Nightmares


Photo by Artem Sapegin on Unsplash

Nightmares

I wake up slowly. There is bright sunlight streaming through the atrium door in our bedroom. My wife is beside me, still dead to the world. I have overslept.

There is a small mound on the floor beside me. A small mound that moves ever so slightly. Rising and falling rhythmically. The small mound is a small boy. The small boy is my son.

There has been another nightmare. A nightmare that has driven a small, frightened child into his parents’ bedroom, dragging his blanket and pillow, to sleep on the floor. How thoughtful that he came in quietly so he did not wake us up. How thoughtful and how sad.

I step over him on the way to the bathroom. I hesitate and turn around to lift him up into bed with his mother. He is warm, in his little nest on the floor in the morning sun. He stirs a bit as I lay him on the bed, unconsciously adjusting to the feel of new surroundings. But he doesn’t wake up.

As I shave, I think about the nightmares. My wife is certain a pet would solve the problem. A dog or cat to provide security and companionship. I have resisted this idea since it first came up several months ago. Pets are messy. Pets are expensive. Pets need lots of care. But sometimes, perhaps, pets are necessary.

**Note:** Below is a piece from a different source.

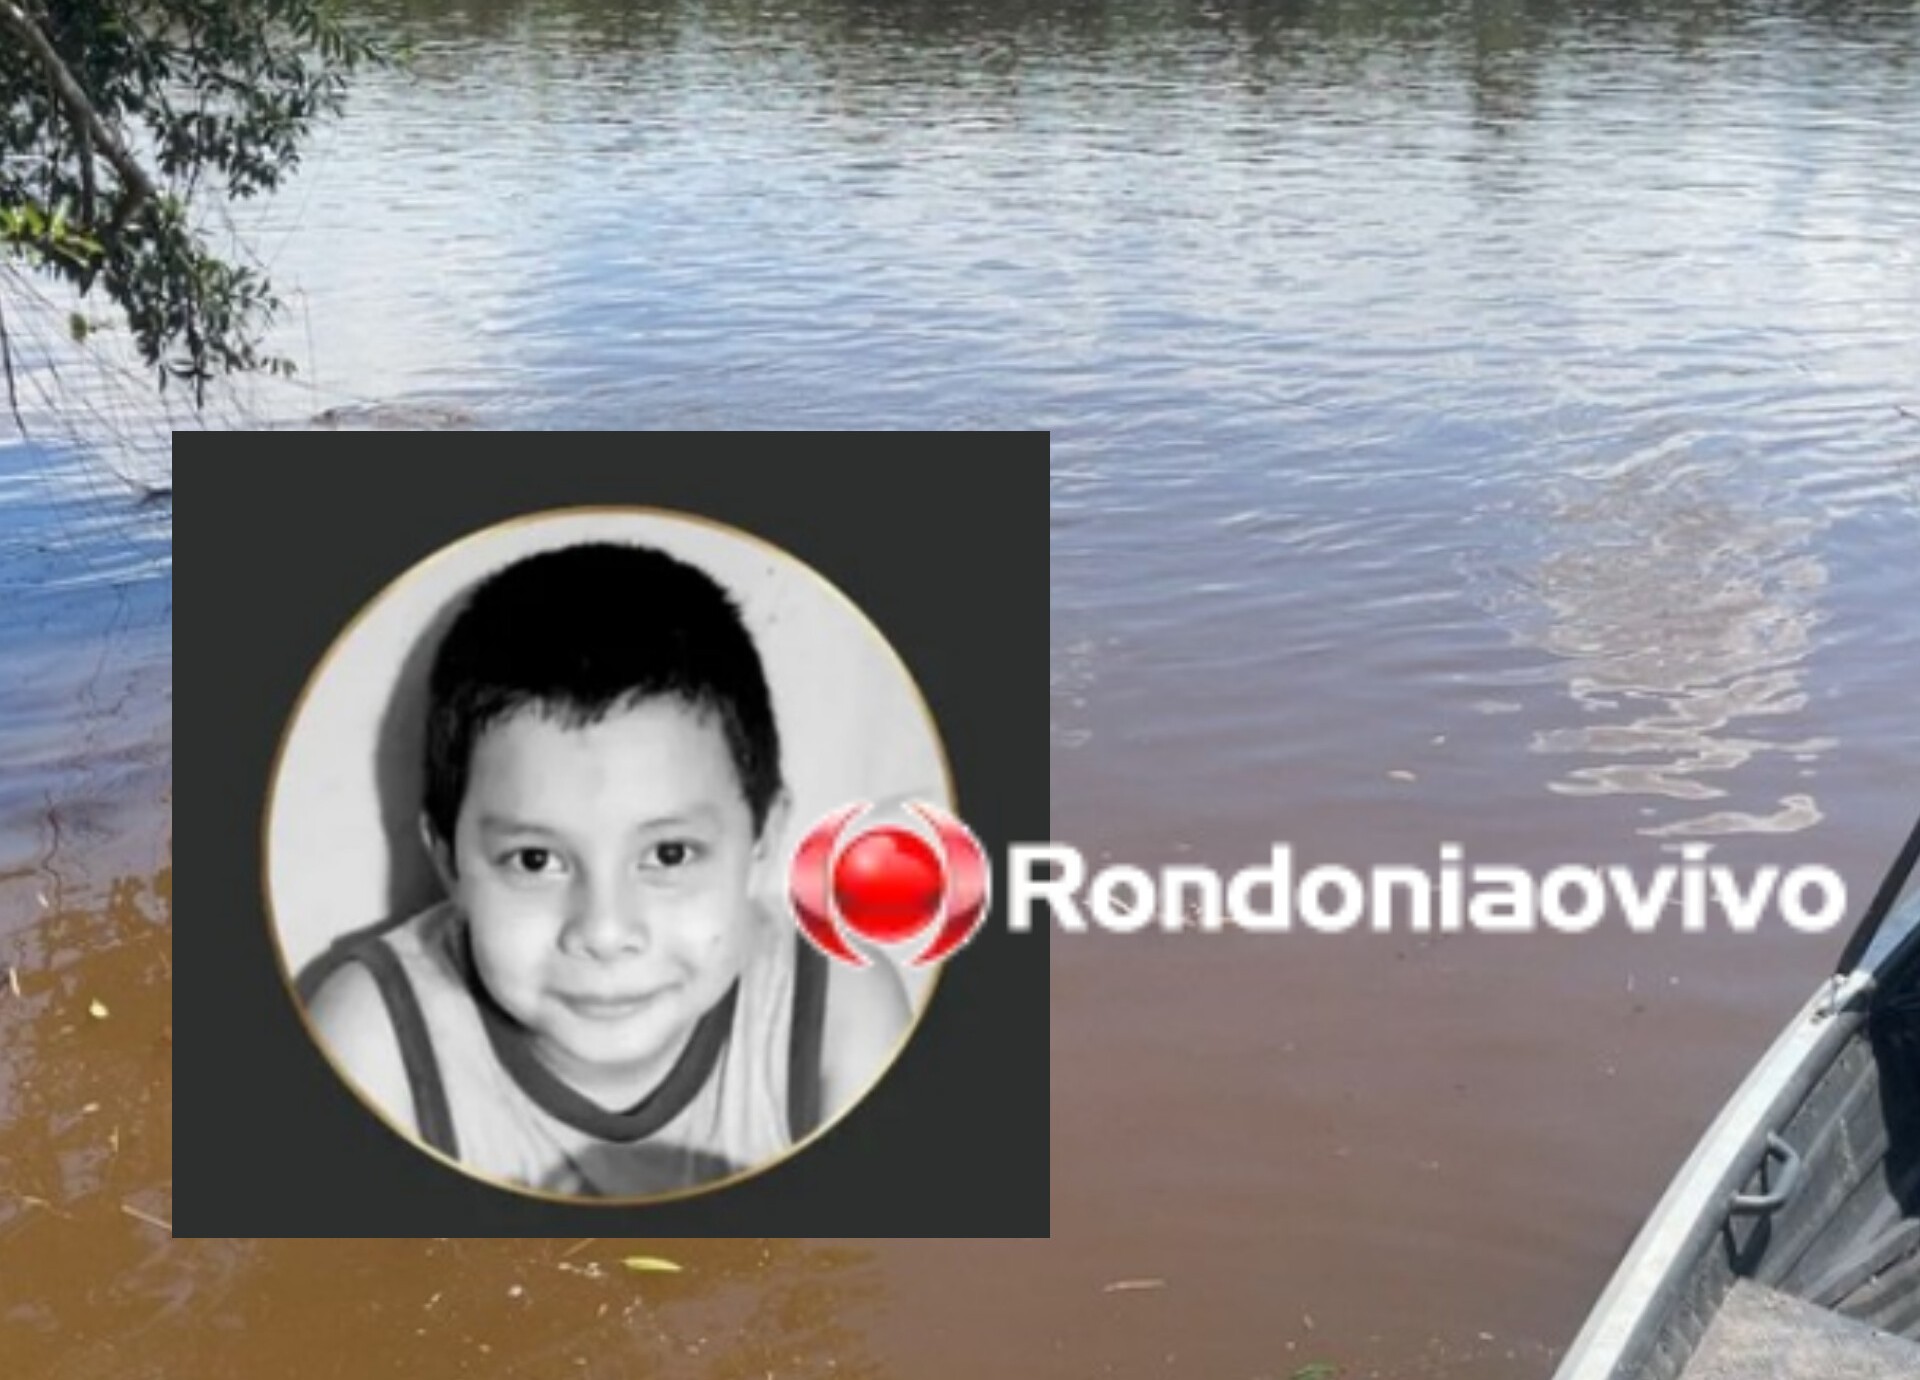 TRÁGICO: Filho de vice-prefeito morre afogado em rio

My son and his mother are ecstatic at dinner that evening when I announce my change of heart. My son is given the choice of dog or cat, and without hesitation chooses a puppy. A trip to the animal shelter is scheduled for the weekend. However, the excitement can’t be contained, and we end up making a trip after dinner to buy a dozen pet care products, most of which are probably unnecessary.

Another morning. I wake up slowly. There is bright sunlight streaming through the atrium door in our bedroom. There is a small mound on the floor beside me. The small mound is a small boy. And an even smaller puppy.